The containers lost from a vessel sailing up the coast of the North West of Spain a few months ago have started to release their hazardous contents.
Billions of nurdles, the raw material for plastic production, started to appear in the North Western Atlantic Coast of Spain. Tide and wind-driven movement of these releases have now spread the nurdle pollution along the Northern Bay of Biscay coast of Spain. In all 250 km of beaches and coastlines have been impacted. Worryingly we are only at the start of the incident.

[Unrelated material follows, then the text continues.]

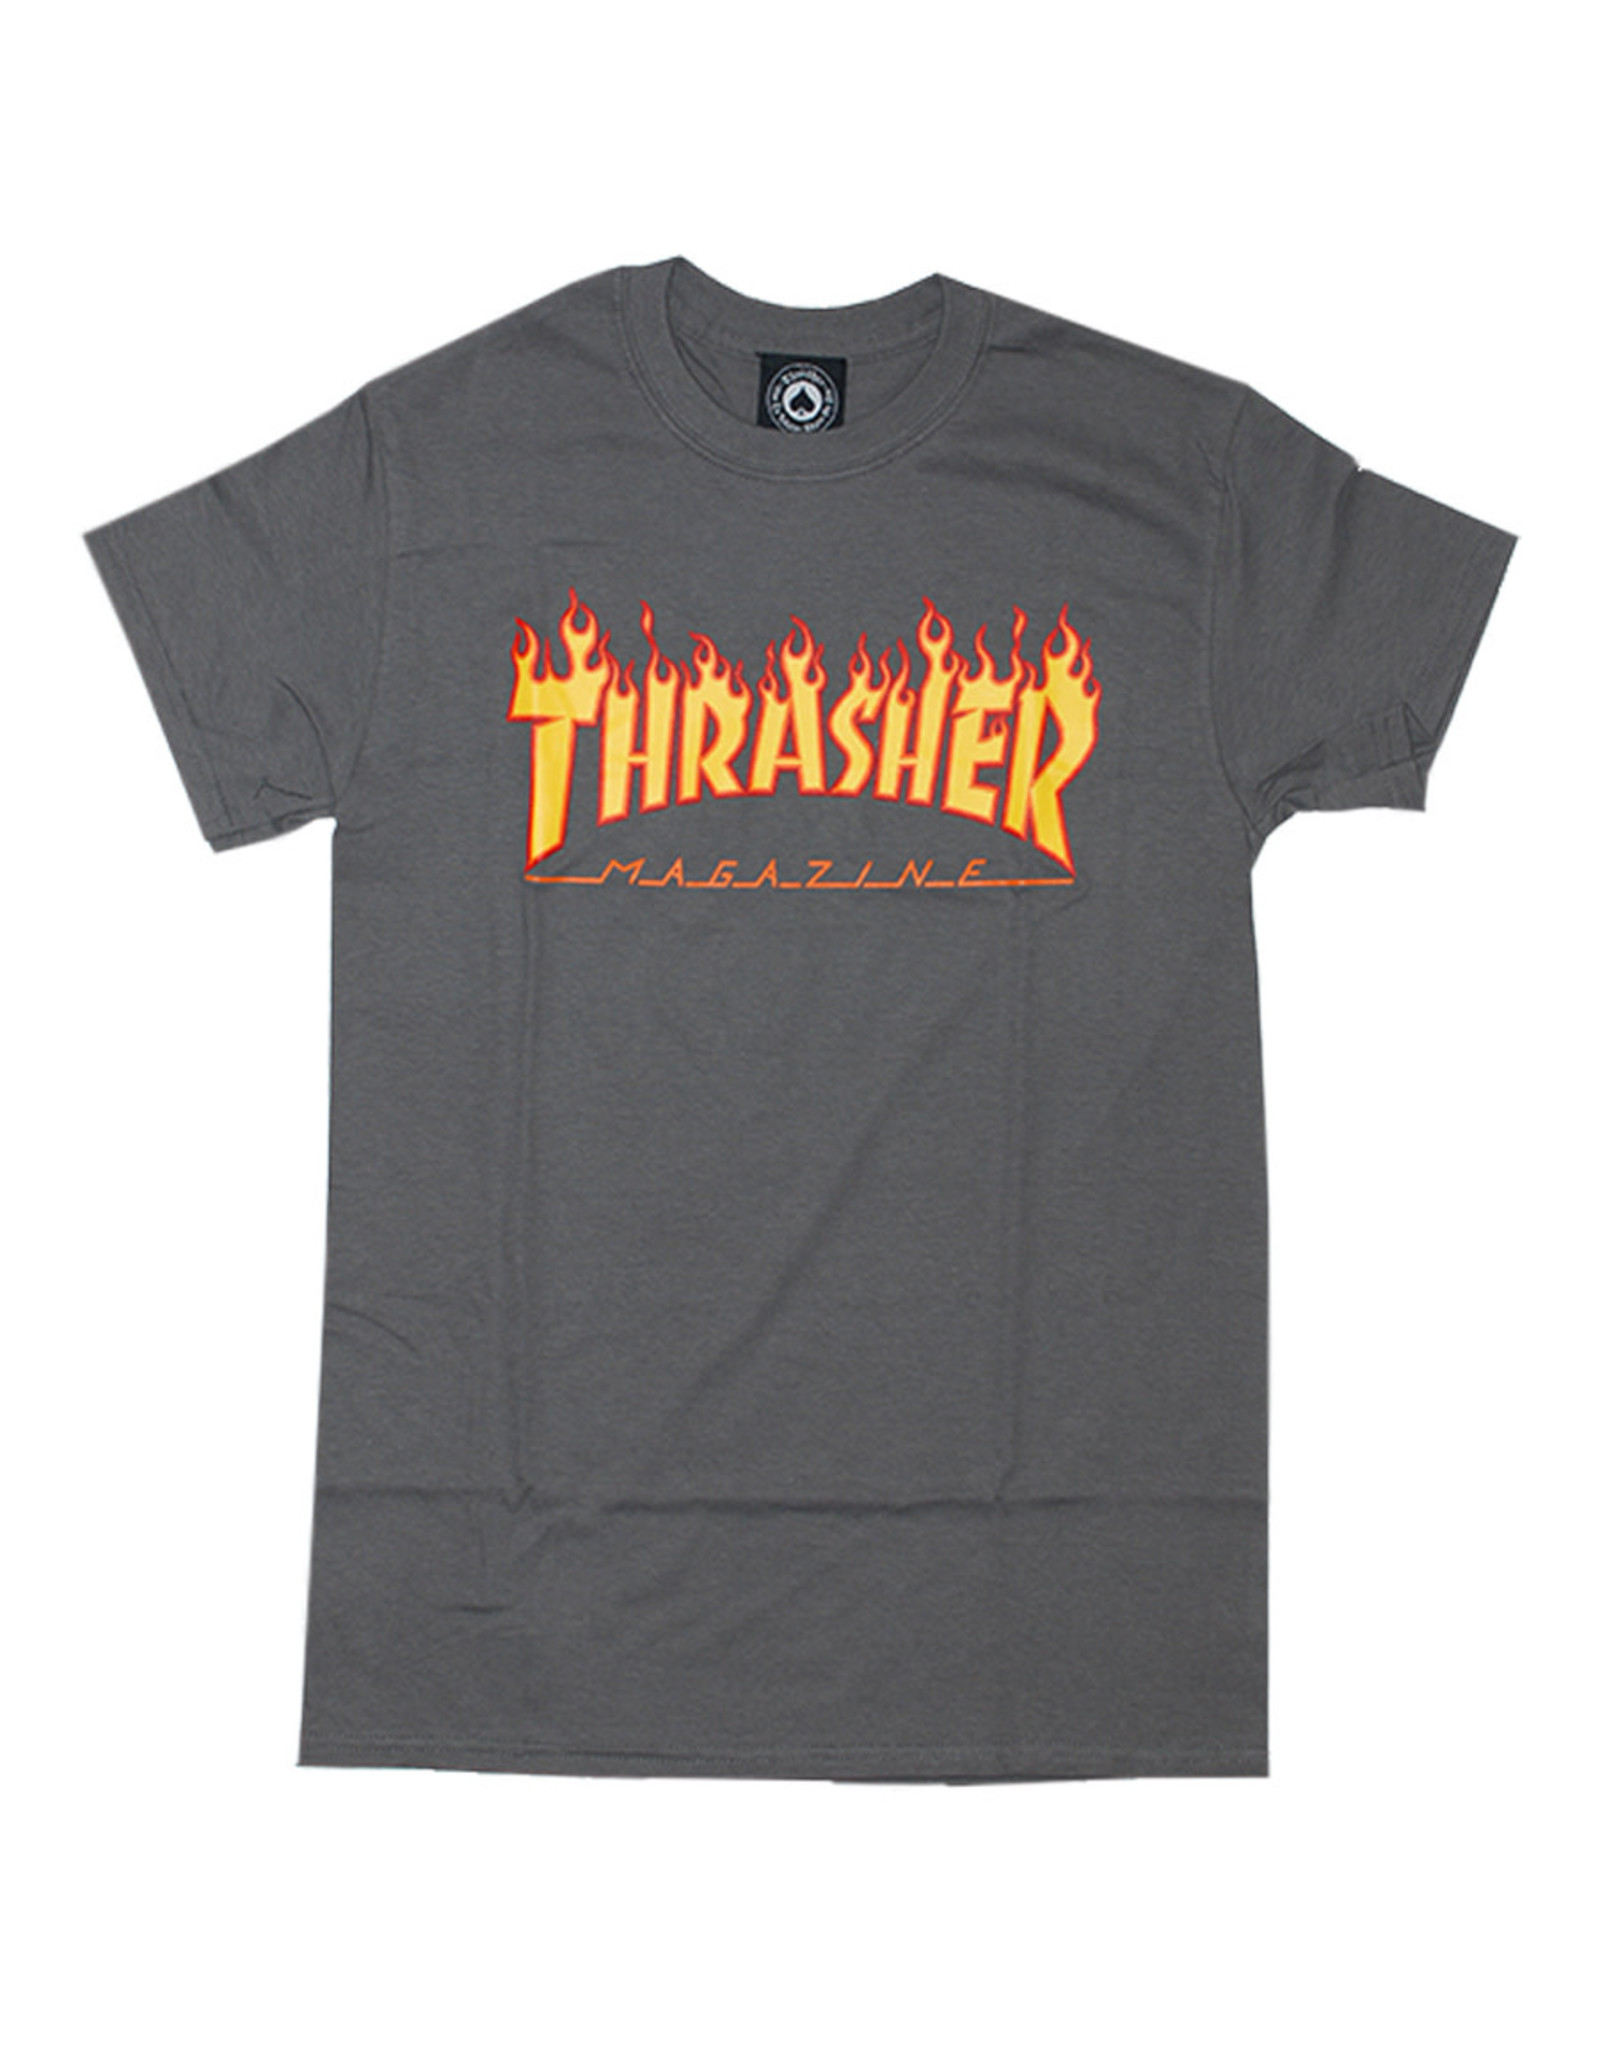 Thrasher Thrasher Tee Mens Flame Logo S/S (Charcoal Grey)

As ever in these incidents it is not clear who is liable so the question of who pays has come to the fore. Regional Government is pushing the National Government to pay for the cleanup saying that as the source of the loss is not known it is a failure in National Government surveillance. In the meantime, the affected Spanish regions are implementing the best response they can. The autonomous Basque region has triggered its ISASERZA contingency plan should these nurdles reach their regions that have so far not been impacted. In Asturias and Galicia, a mix of volunteers state employees and subcontractors are working together to manage the impact.
This has put pressure on EU lawmakers who are aware that 176,000 tons of these pellets are released into the seas each year. Joao Albuquerque, the EU Parliament’s lead negotiator on the new law, on Thursday, said he had proposed expanding the requirements for companies to prevent spills to also include the shipping sector – particularly after the incident in Galicia
“This has become extremely urgent. These dramas are almost always avoidable,” Albuquerque told an EU Parliament committee meeting.
His proposal would also expand the law to cover not only pellets but the plastic flakes, powders and dust used to manufacture products.
The Parliament is racing to agree on its negotiating position, to give talks with EU countries to finish the law a chance of concluding before the EU elections in June.
The European Commission said its original proposal for the law omitted maritime transport because environmental issues in international shipping are handled by the International Maritime Organization. It suggested, however, that the law could be strengthened to at least cover plastic pollution from journeys within the EU.